Okay, hat jetzt soweit funktioniert, vielen Dank.


----------



## SlaterB (2. Sep 2009)

"zuweisung auf die Klasse", "Resultset ein Teil der Verbindungsklasse" sagt mir leider im Moment nix,

aktueller Code + vollständige Fehlermeldungen könnten helfen,
sonst bitte neu formulieren 

edit: inzwischen hast du dein Posting editiert, viel mehr kann ich aber auf 'ich habe irgendeinen Fehler' auch nicht antworten


----------



## maxth (2. Sep 2009)

Ja...okay hab es hinbekommen, 

ich musste nur Resultset importieren, und um die while ein Try / catch setzen, und dann kamen schon die ergebnisse. 
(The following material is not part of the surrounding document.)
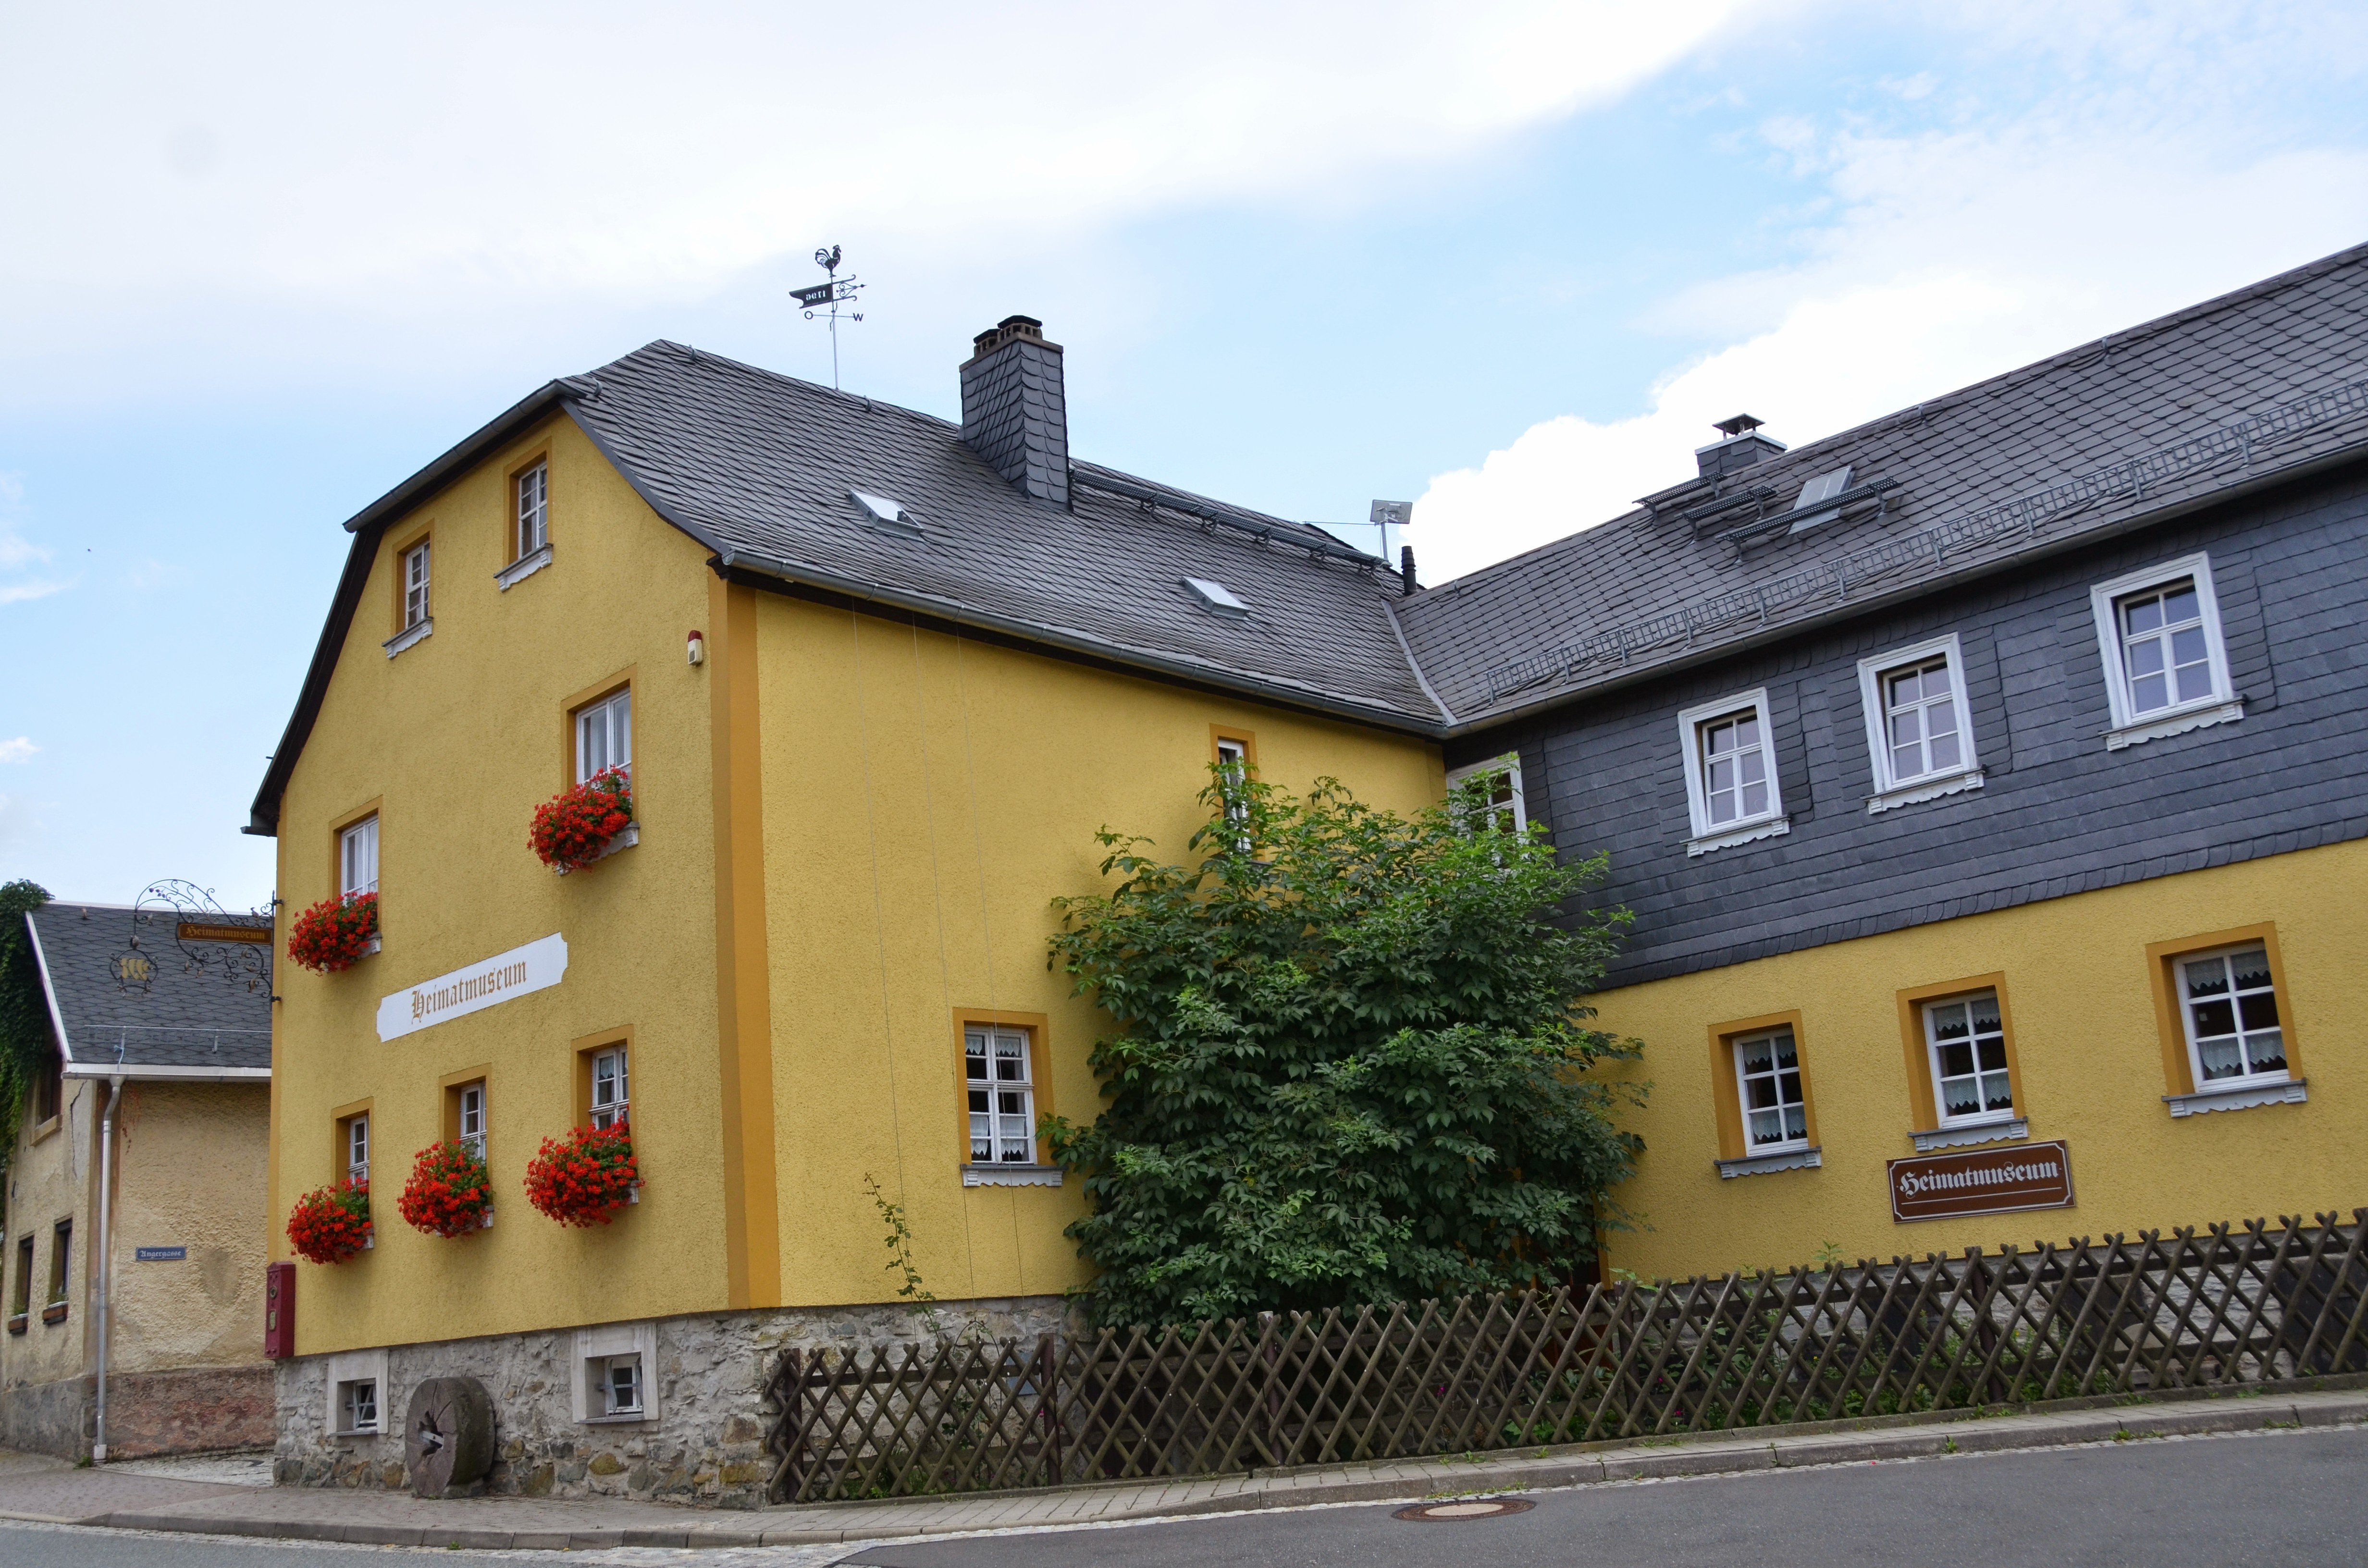 Naturschieferdach und -fassade, Heimatmuseum, Harra, Saale-Orla-Kreis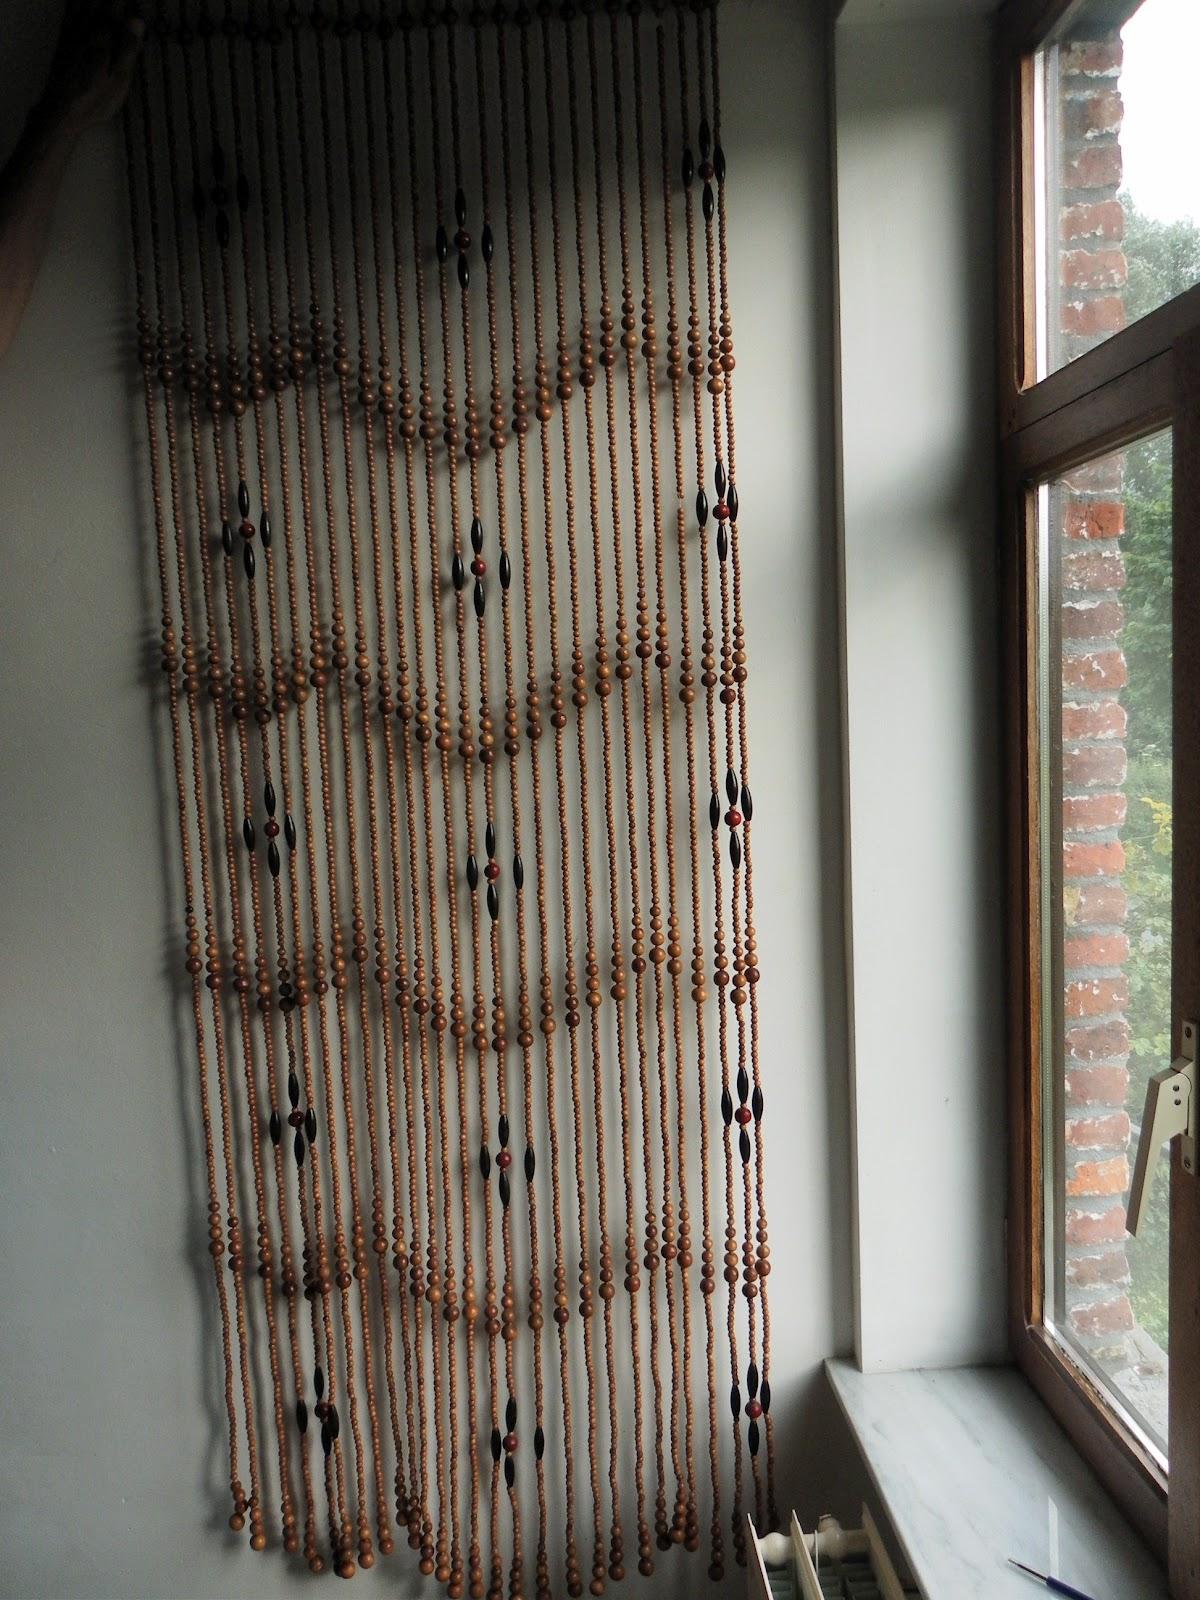 lucie la chineuse beau rideau de porte de perles en bois. Black Bedroom Furniture Sets. Home Design Ideas

Vielen Dank, meist reicht eigentlich selber nach denken!


----------



## maxth (2. Sep 2009)

so, ich bin leider noch nicht der erfahrenste Entwickler. 

Jetzt hab ich noch mal eine Frage, ich möchte ein Programmschreiben nach dem MVC Konzept. die GUI habe ich hier in dieser klasse nur zum TEst, in der fertigen version soll diese Klasse eine Model Klasse werden. Was wäre nach deiner bzw. eurer Meinung die beste Art die Werte aus der Datenbank abzuspeichern. Mit Arrays habe ich schon gearbeitet tue mich aber noch ein bisschen schwer damit. 

Könnt ihr mir vielleicht einen tipp geben?


----------



## SlaterB (2. Sep 2009)

zweidimensional Arrays sind ok,
noch besser wäre, wenn du für Vermieter eine eigene Klasse hättest, 
und dann nur noch eine Liste/ ein Array von Vermieter-Objekten


----------



## maxth (2. Sep 2009)

Ja okay, ich wollte sowieso eine Vermieter Klasse machen.

 Also wäre dies besser zu Realisieren mit einer Arraylist. Und alle Einträger der Datenbanktabelle einfach in der Liste zu adden.


----------